As a pro-choice Texan, I am constantly fighting the urge to tear my hair out with every anti-choice proposal and decision made by my state. Now, as a pro-choice medical student in Texas, these frustrations have only escalated. Not only are anti-choice groups woefully out of touch with the realities of the women who seek an abortion, some are also using bad science and misleading health information to justify their beliefs and actions. A disturbing trend of frivolous clinic regulations has begun to sweep across states with largely anti-choice governments. Clinics are suddenly required to worry about standards that include the distance between hand-sanitizer dispensers, the size of their parking lots, and the type of flooring in their janitor’s closets. Providers must having admitting privileges at a hospital for doing procedures, which, when done correctly, require no hospital admission. These lawmakers, who are apparently so concerned about women’s health, have suspiciously yet to suggest funding for making such changes. I am not holding my breath.
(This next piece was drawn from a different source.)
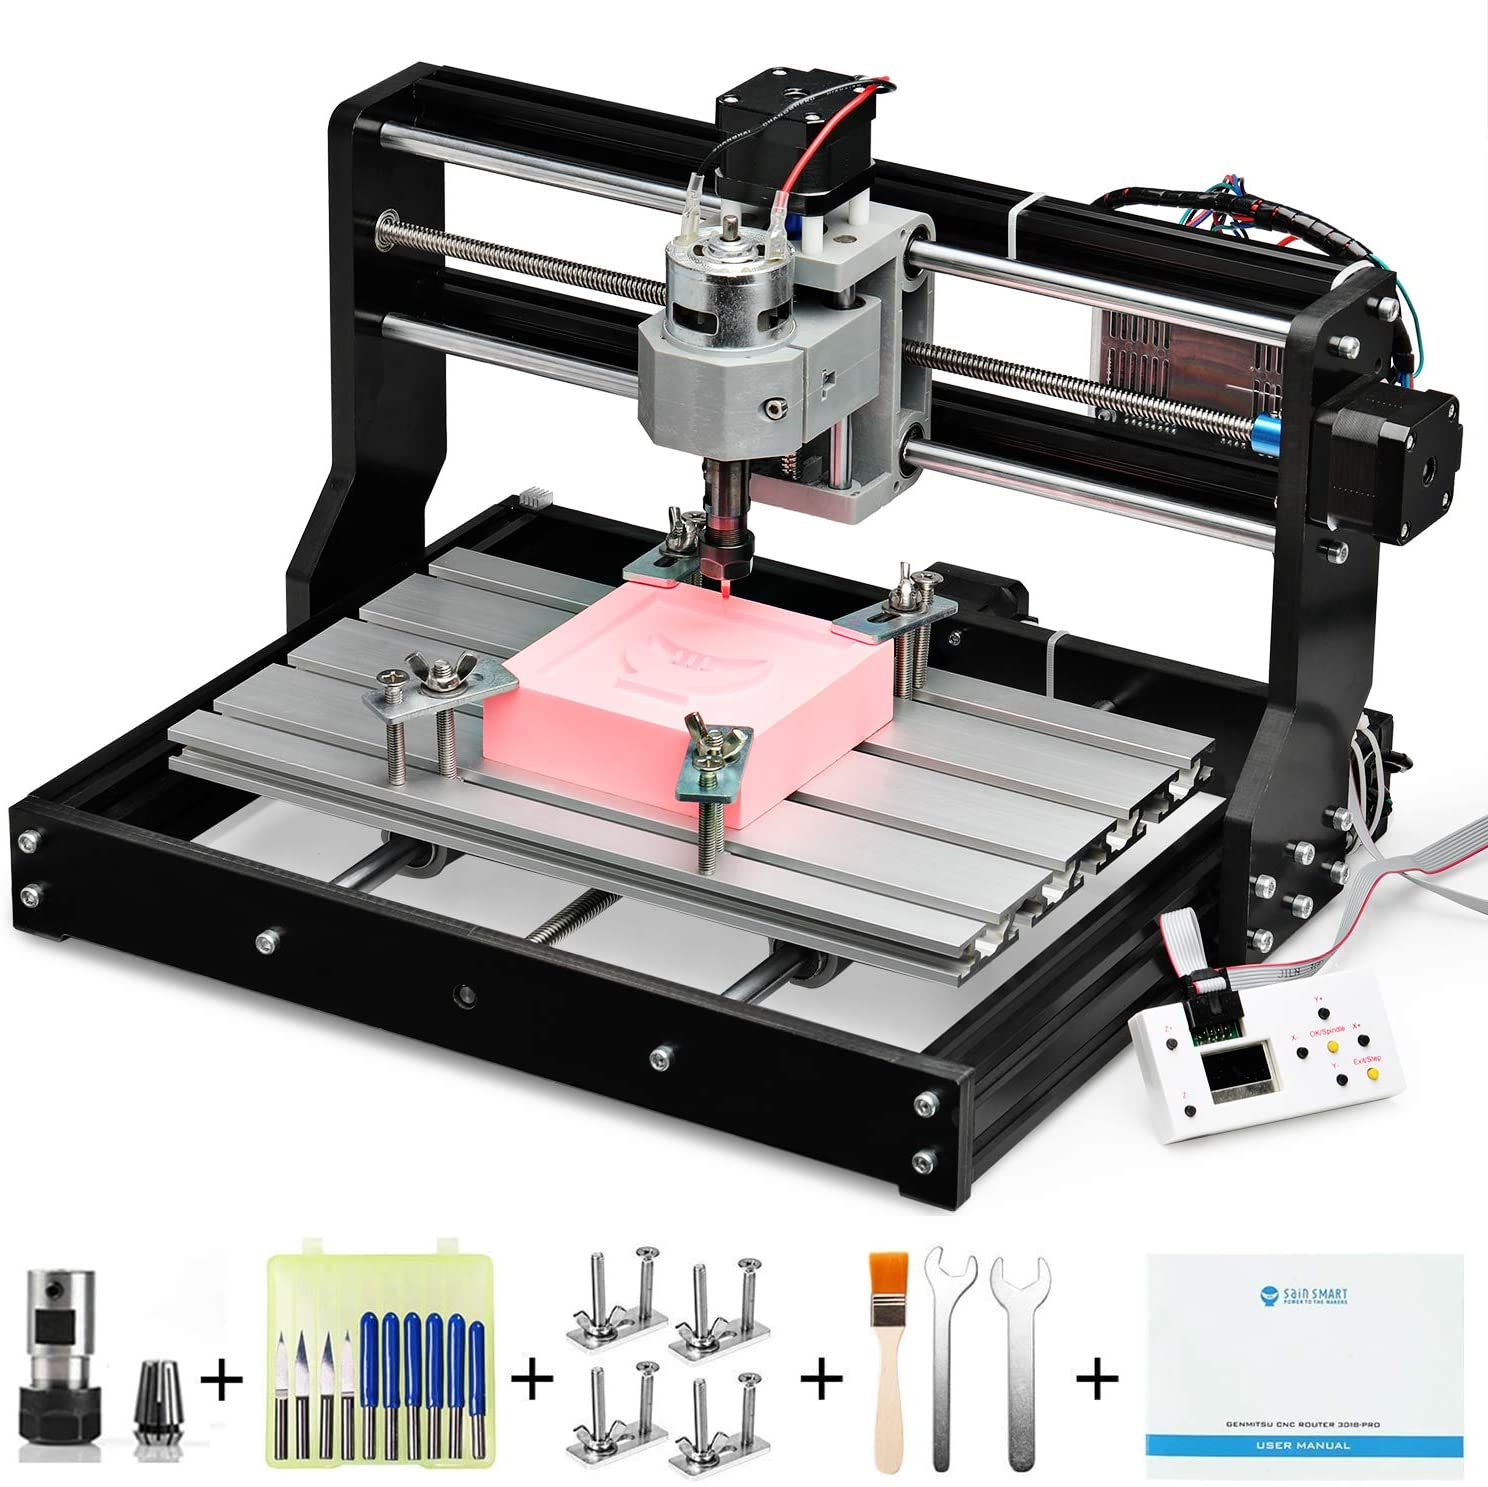 Top 8 Best CNC Milling Machine Reviews Brand Review

Even though we just marked the 41st anniversary of Roe v. Wade, the fight to maintain bodily autonomy and reproductive freedom is far from over. While a woman is allowed to have an abortion, that decision has been asterisked and footnoted by the numerous anti-choice laws put into place over the last decade, and especially the last few years. Without access, there is no choice. With this in mind, papaya workshops represent more than a learning exercise in state like Texas—they are a staunch rebuttal against the attempts to widen the chasm between choice and access. They allow similarly-minded and similarly-driven medical students to learn valuable skills and form a community that is aware of the proceedings within the Texas Legislature and aware of how those decisions affect both doctors and patients. There is very little in my medical school curriculum that discusses intentional abortion, the doctors who provide them, and the care for the women who receive them. This omission of a legal medical procedure is dangerous, as it contributes to the stigma associated with abortion and the physicians who provide them. The papaya workshop helps to mitigate some of these gaps in our education and enables medical students to consider the possibility of providing abortions in the future. But more than that, it aids in the creation of more well-informed, pro-choice medical professionals who can help ensure that women enjoy reproductive choice without barriers to access.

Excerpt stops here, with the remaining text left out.